Farm support charities in Wales are stepping up their activity amid rising demand for their services during the coronavirus pandemic.
West Wales-based Tir Dewi is extending its reach into Powys, Anglesey, Gwynedd and Conwy, while the DPJ Foundation is handling a record number of calls from its base in Pembrokeshire.
See also: Rural charities face funding crisis
Since early March, the Royal Agricultural Benevolent Institution (Rabi) has received more than 100 calls relating to the pandemic, with 89% of these coming from working farmers.
Economic stress is nothing new in agriculture, but a global pandemic has added a new dimension, said Rob Harris of Rabi.
Of the pandemic-related calls the charity is receiving, many are prompted by the loss of diversified income and income from off-farm work.
Other callers have challenges with rent and housing, such as losing tied accommodation due to furloughing or redundancy.

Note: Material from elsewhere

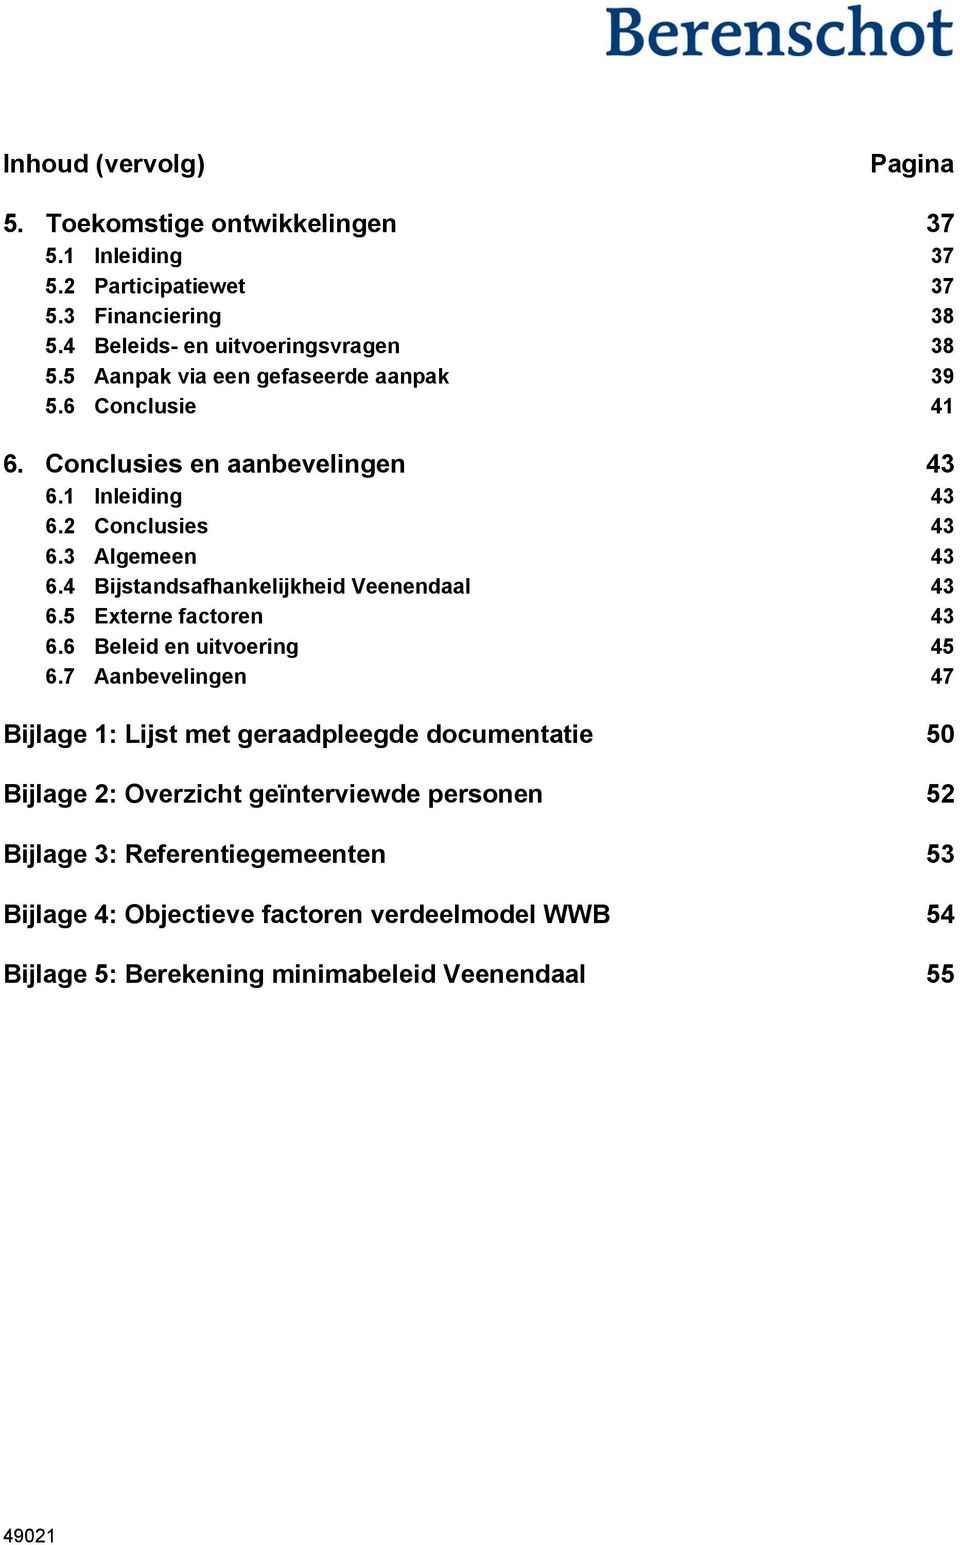 4 Bijstandsafhankelijkheid Veenendaal 43 6.5 Externe factoren 43 6.6 Beleid en uitvoering 45 6.

Milk prices and payments are also a major issue, said Mr Harris, adding that Rabi has paid out £1.3m this year, supporting 1,053 families.
Effects of isolation
Although farmers often work in isolation, the loss of opportunities for social engagement, including shows and other events, is also affecting their mental health.
Emma Picton-Jones, of the DPJ Foundation, said many callers were younger people who are struggling with the lack of social contact.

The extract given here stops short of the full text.